> _WORK INSTRUCTION_: Please return the listing below exactly, without any of its pictures.
━━ AVAILABLE DATA
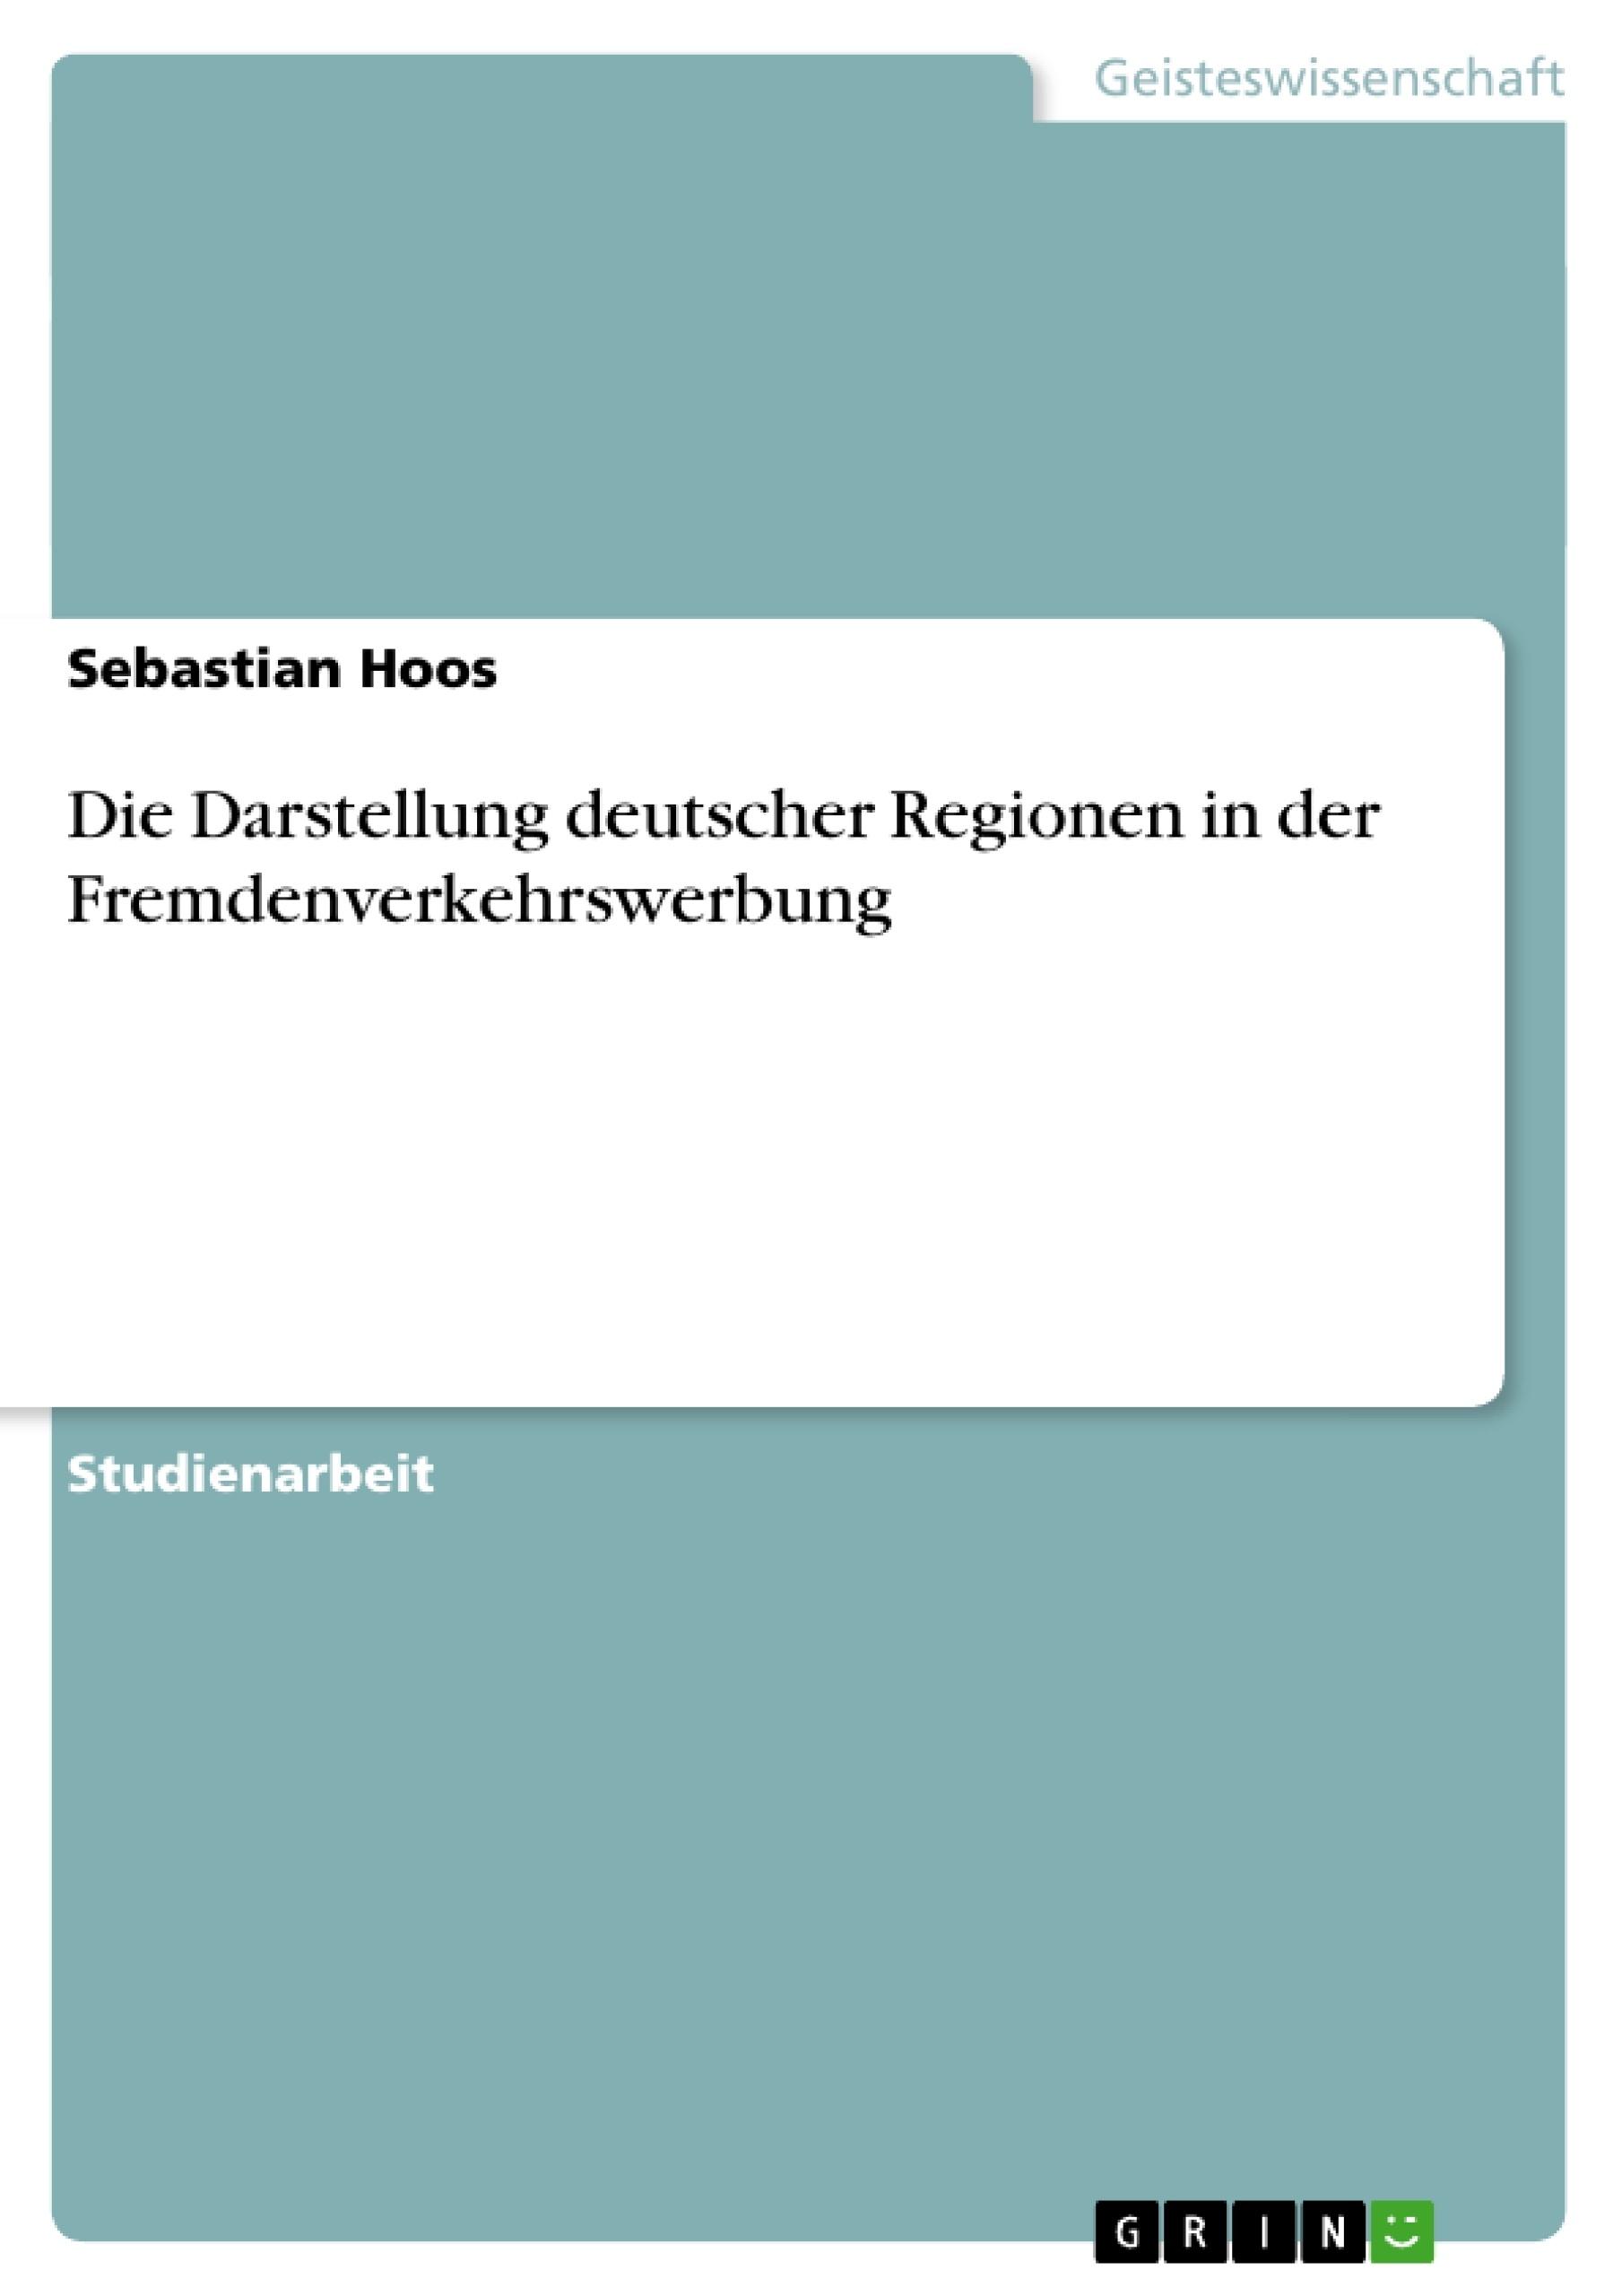 Titel: Die Darstellung deutscher Regionen in der Fremdenverkehrswerbung
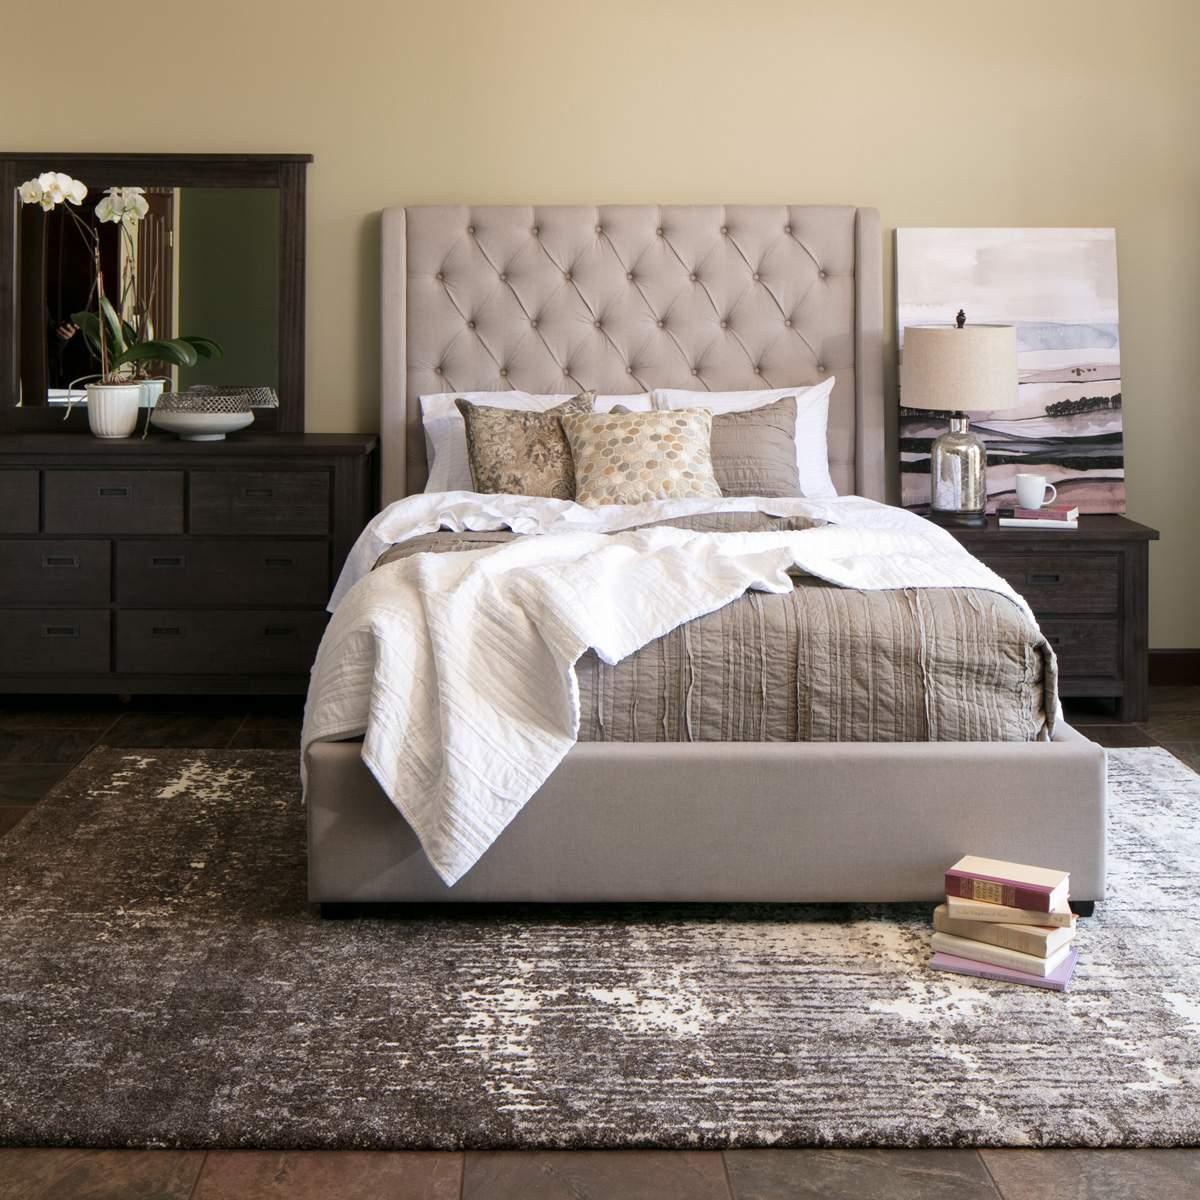 Bedroom Furniture For Teenager Boy: Furniture Ideal
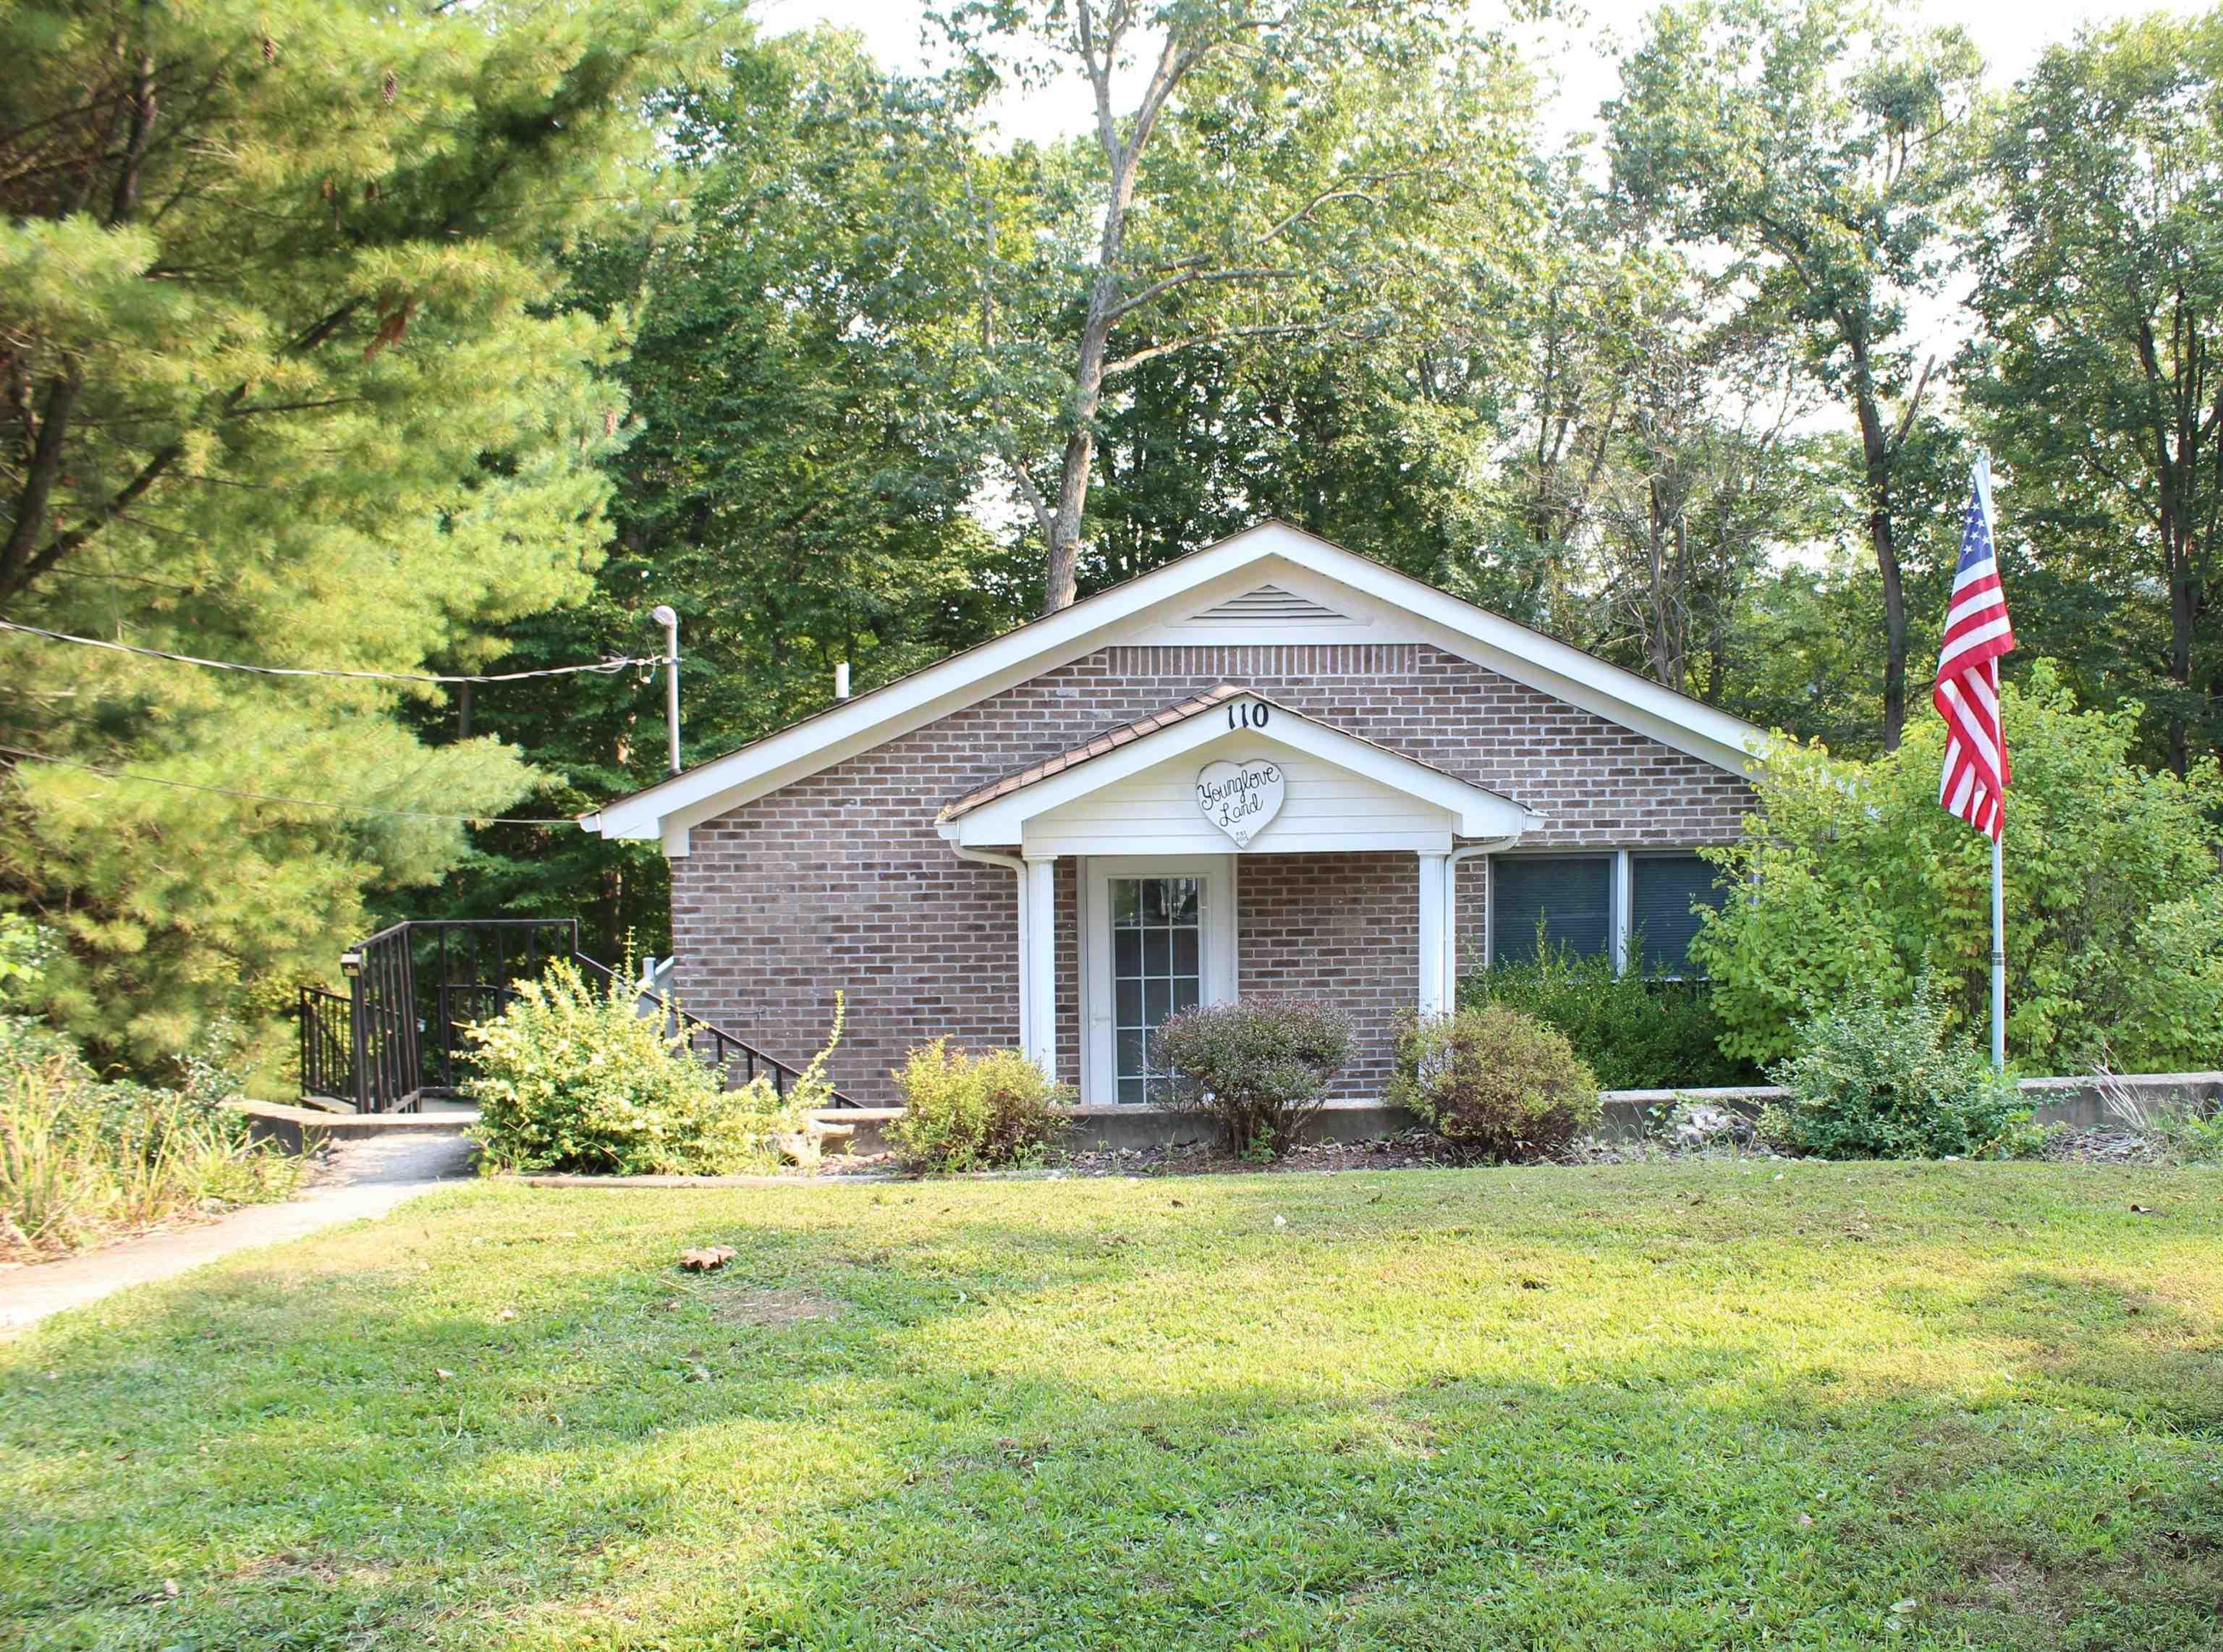 110 Raffo Villa, Hardinsburg, KY 40143
━━━━
> _WRITTEN SOLUTION_:
 Titel: Die Darstellung deutscher Regionen in der Fremdenverkehrswerbung
 Bedroom Furniture For Teenager Boy: Furniture Ideal
 110 Raffo Villa, Hardinsburg, KY 40143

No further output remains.